DATA EXCERPT ::
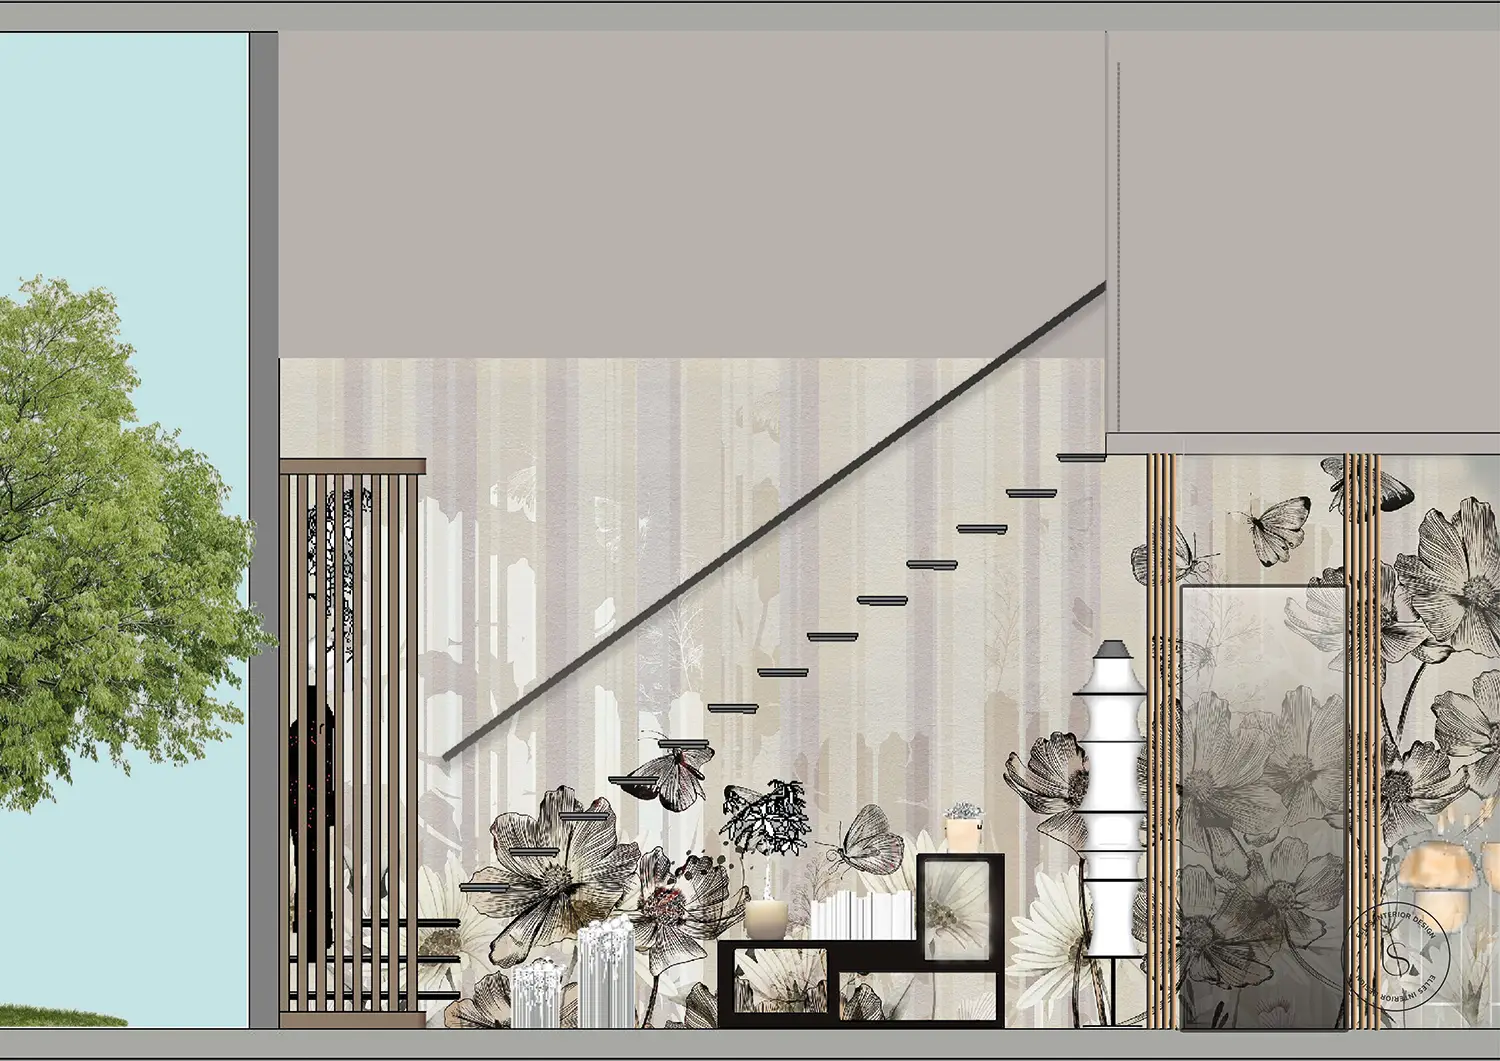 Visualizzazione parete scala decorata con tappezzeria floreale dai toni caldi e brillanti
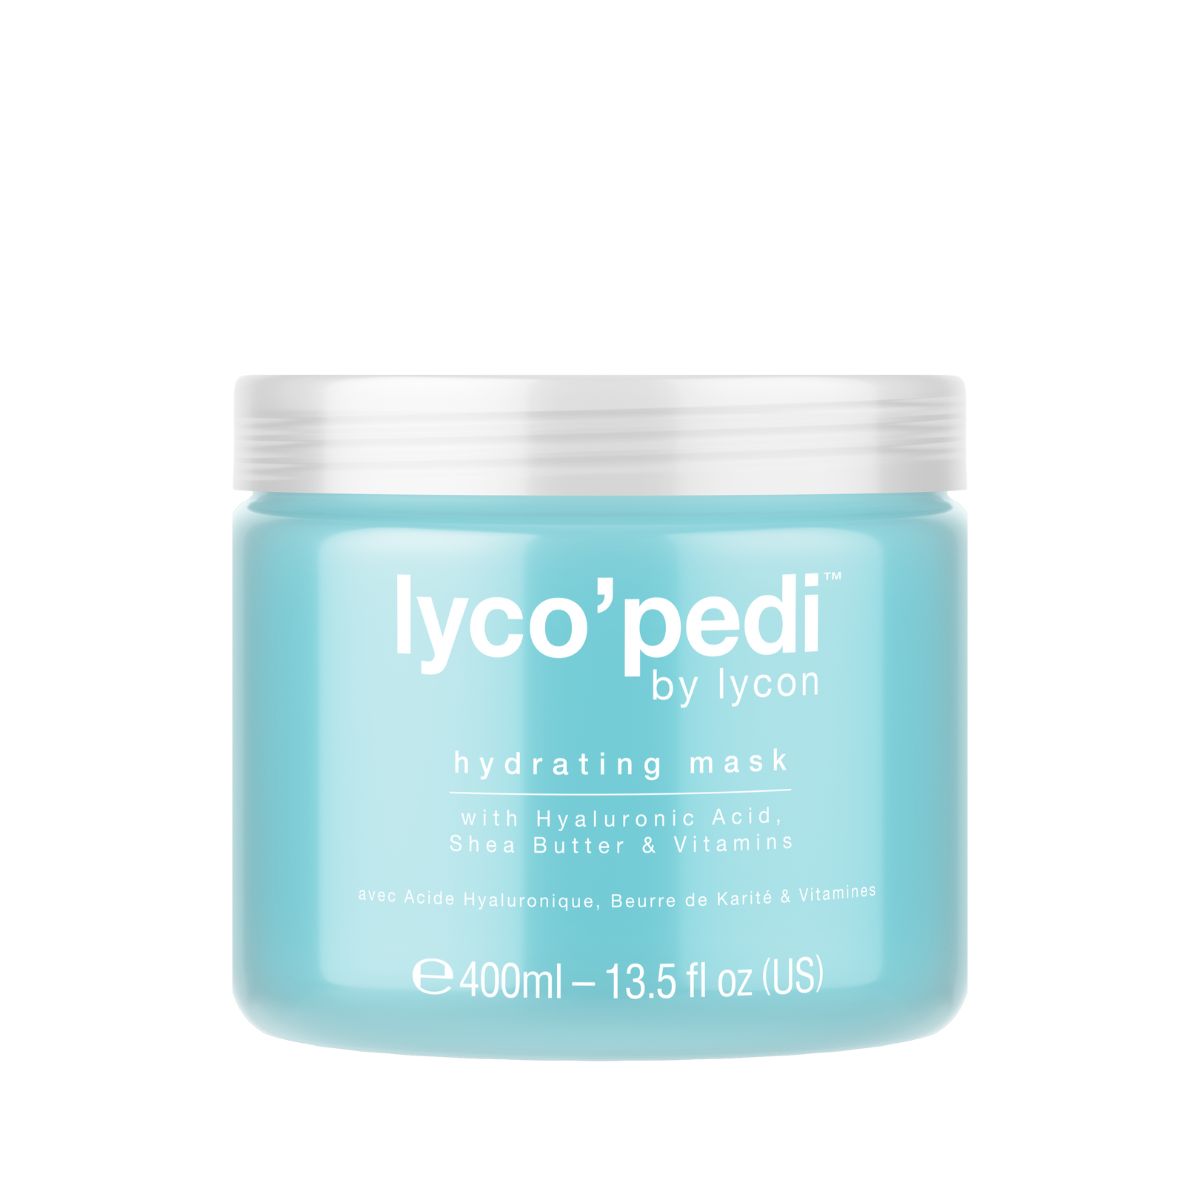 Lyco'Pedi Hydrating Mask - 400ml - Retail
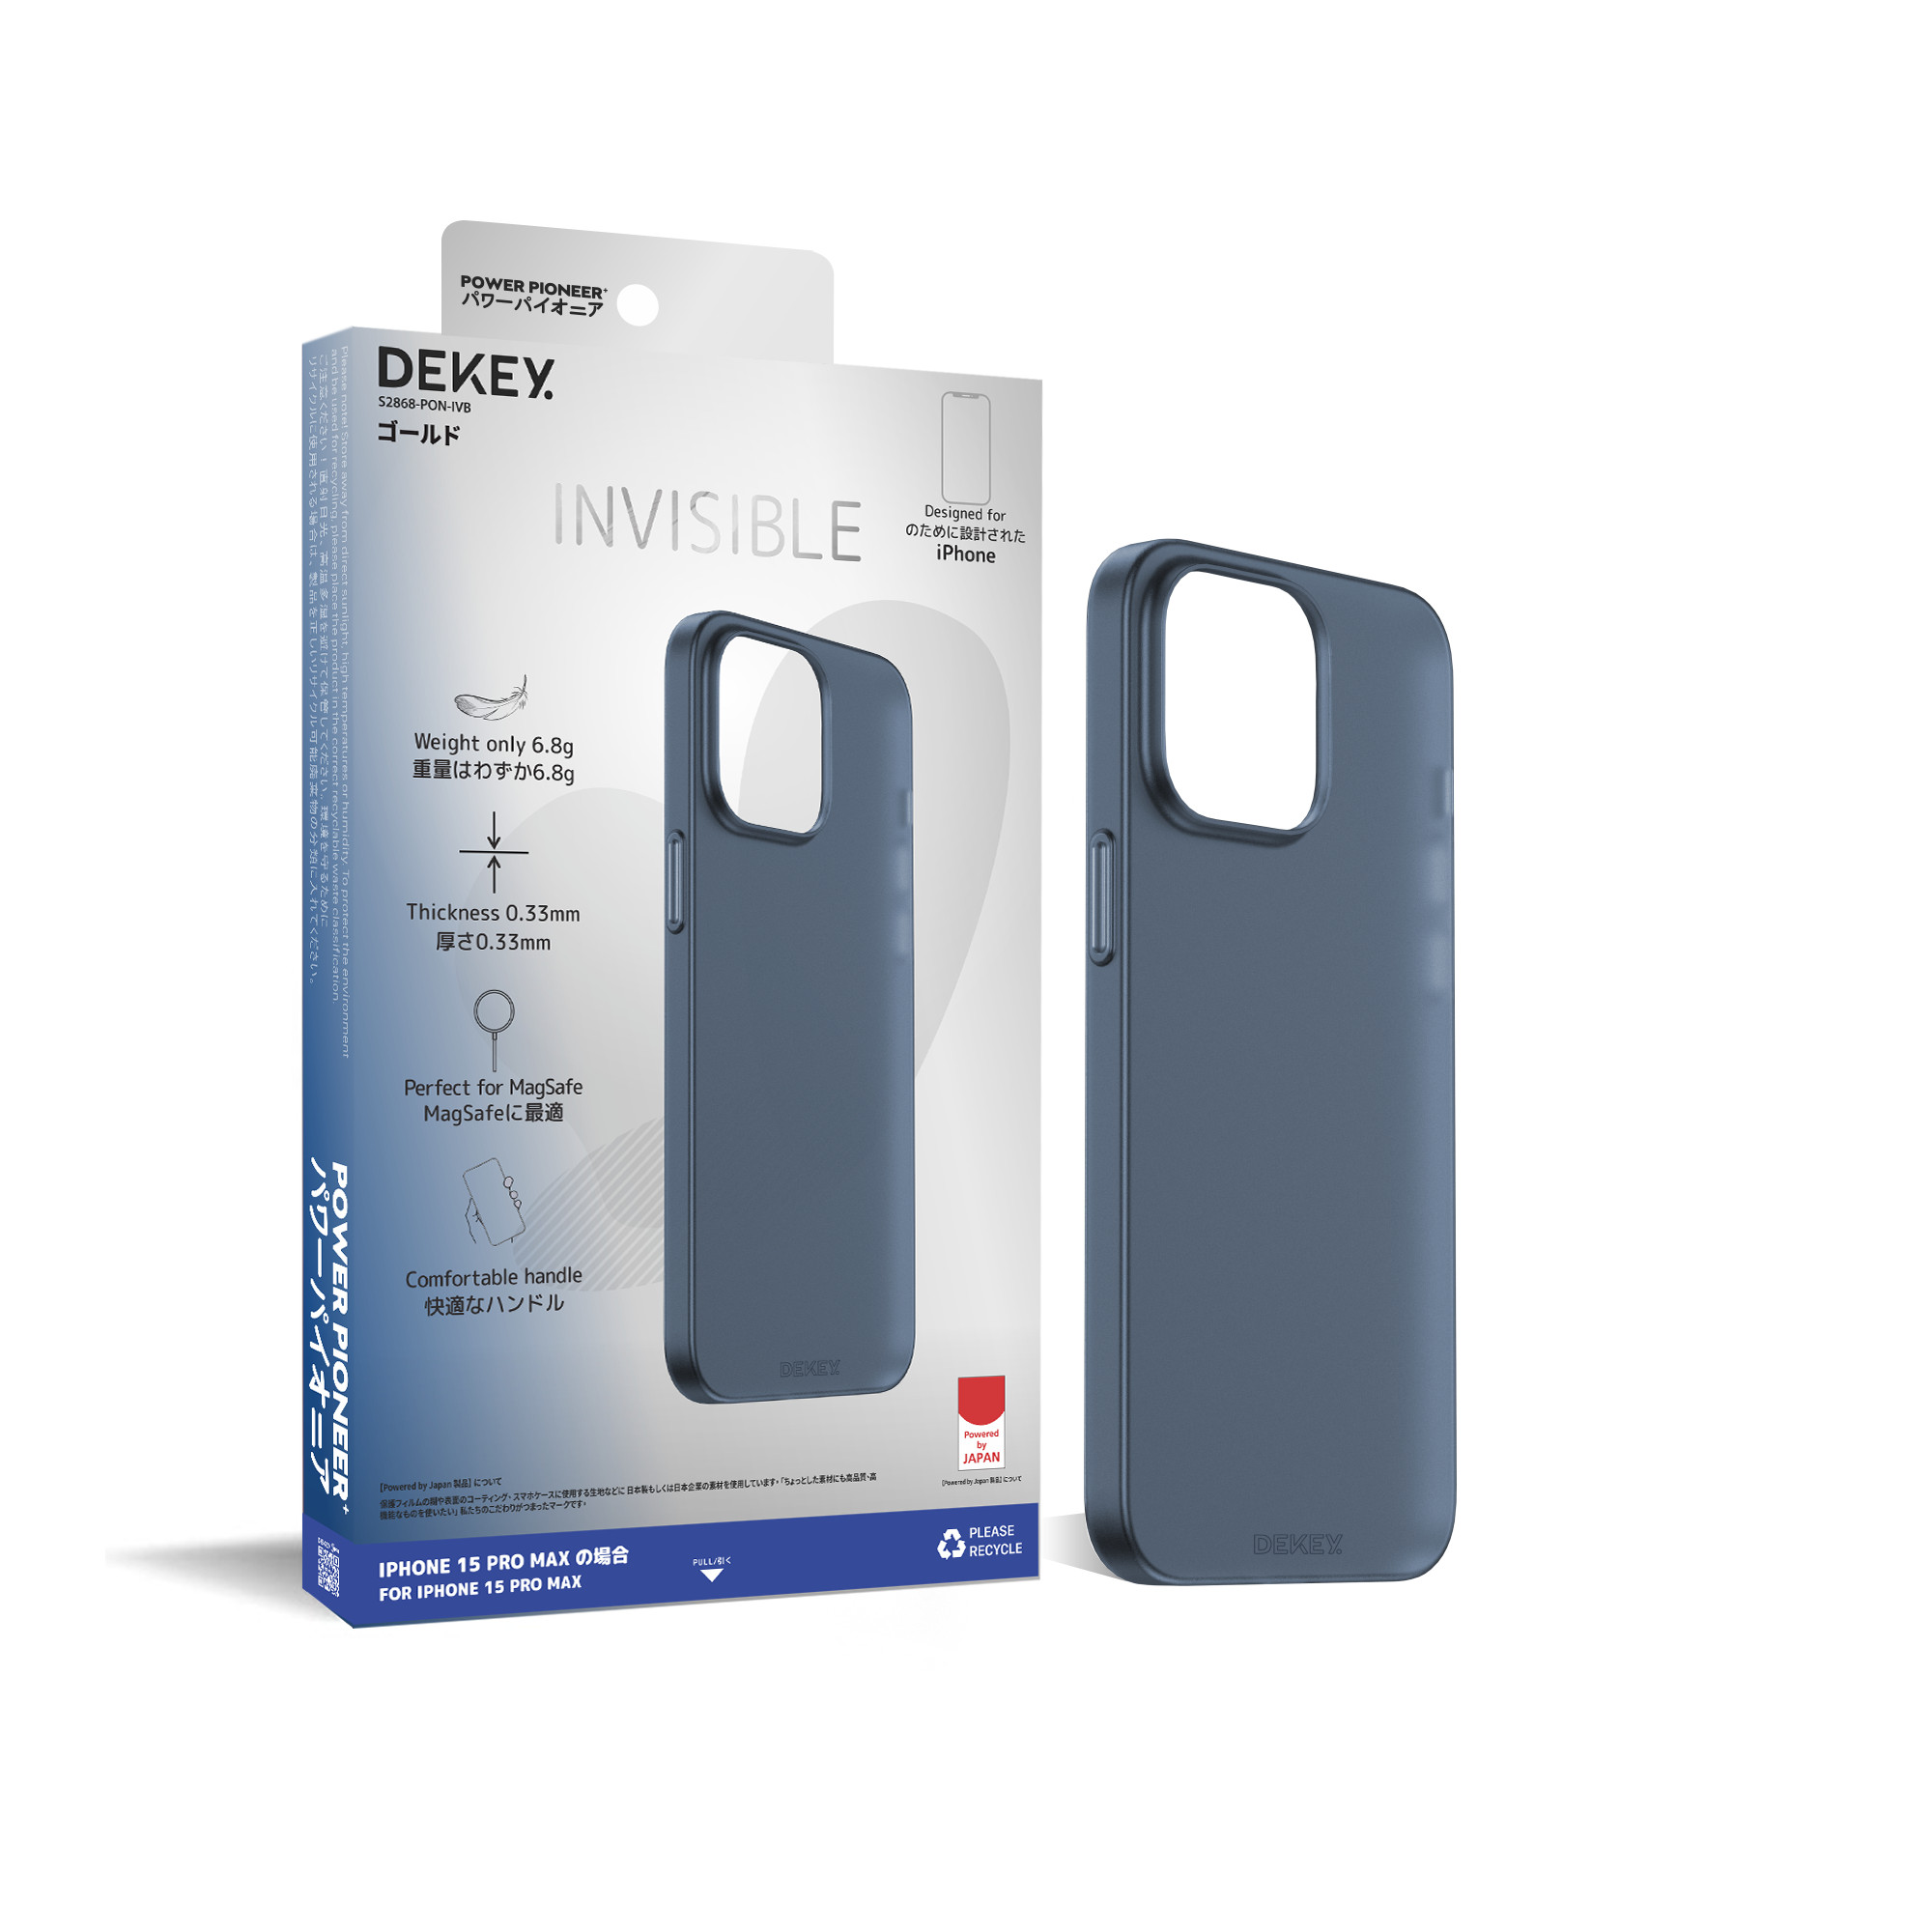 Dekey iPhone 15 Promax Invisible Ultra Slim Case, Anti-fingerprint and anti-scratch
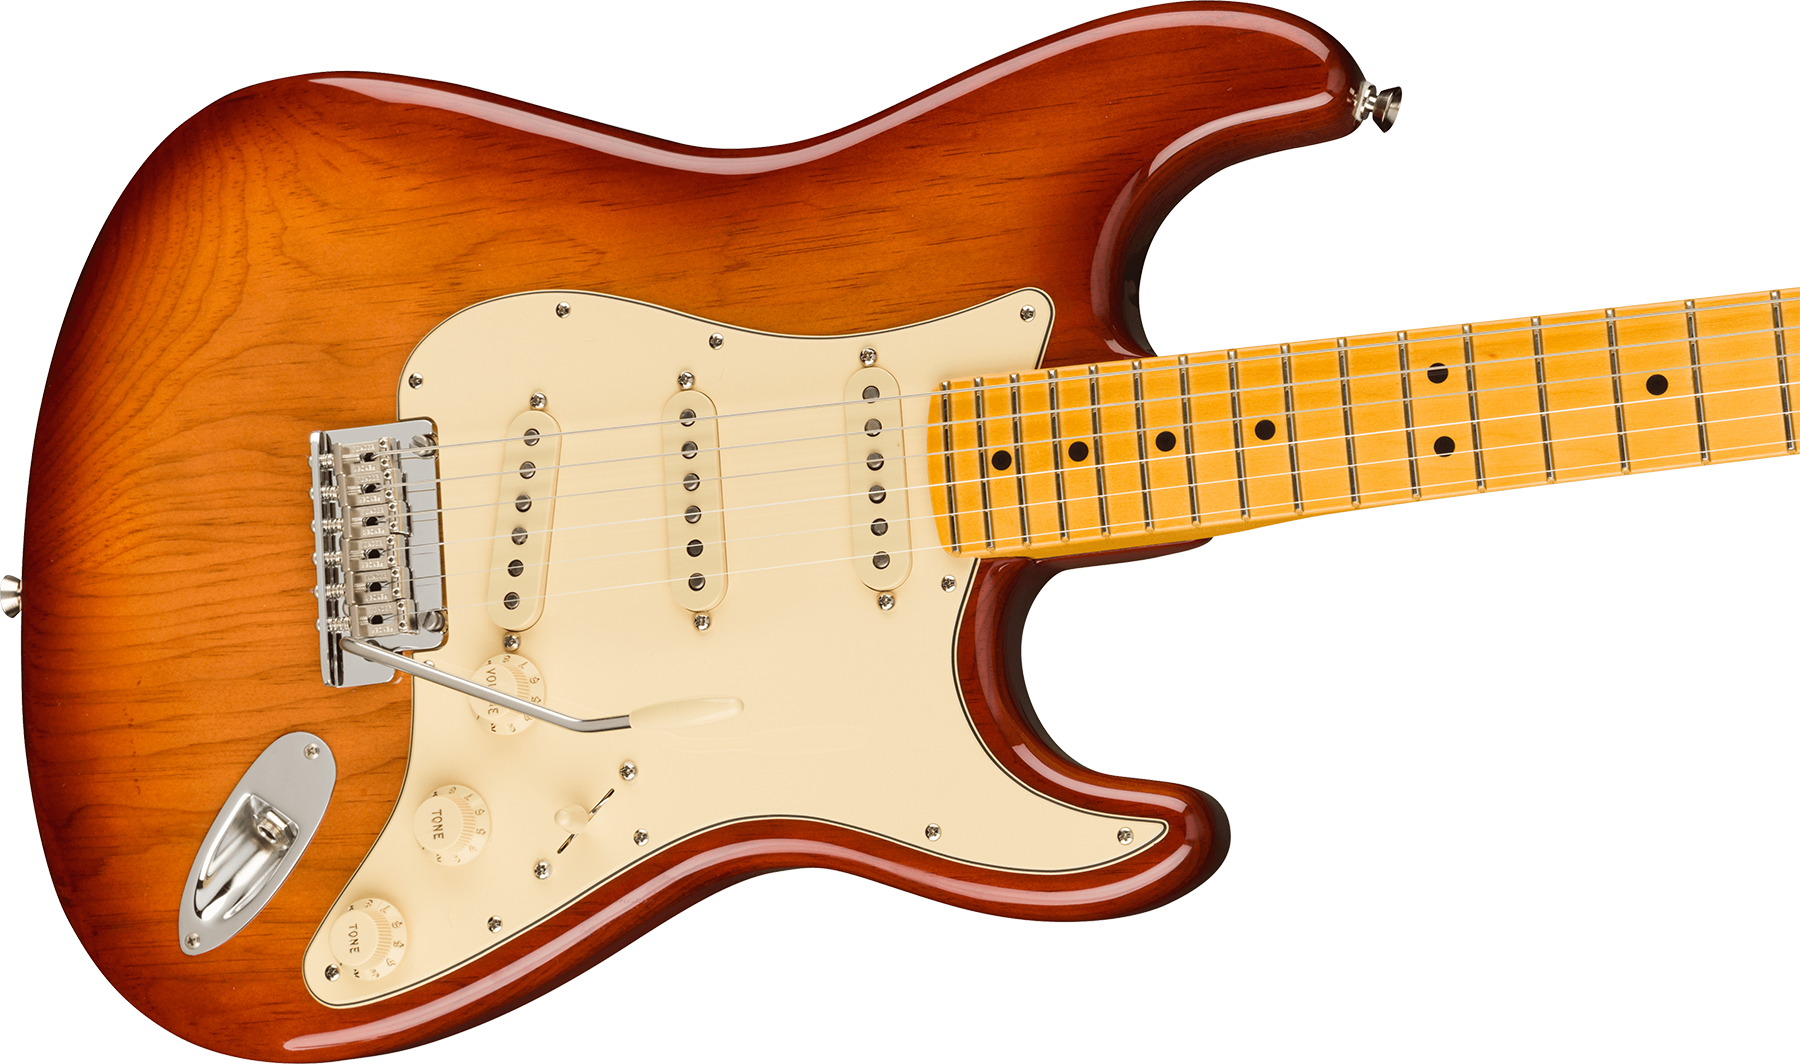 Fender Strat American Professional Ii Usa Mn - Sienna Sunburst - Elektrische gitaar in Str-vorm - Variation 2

EXERCISE REQUIREMENTS :: Every line above should be copied exactly; do not carry over the pictures.

ANSWER ::
 Visualizzazione parete scala decorata con tappezzeria floreale dai toni caldi e brillanti
 Lyco'Pedi Hydrating Mask - 400ml - Retail
 Dekey iPhone 15 Promax Invisible Ultra Slim Case, Anti-fingerprint and anti-scratch
 Fender Strat American Professional Ii Usa Mn - Sienna Sunburst - Elektrische gitaar in Str-vorm - Variation 2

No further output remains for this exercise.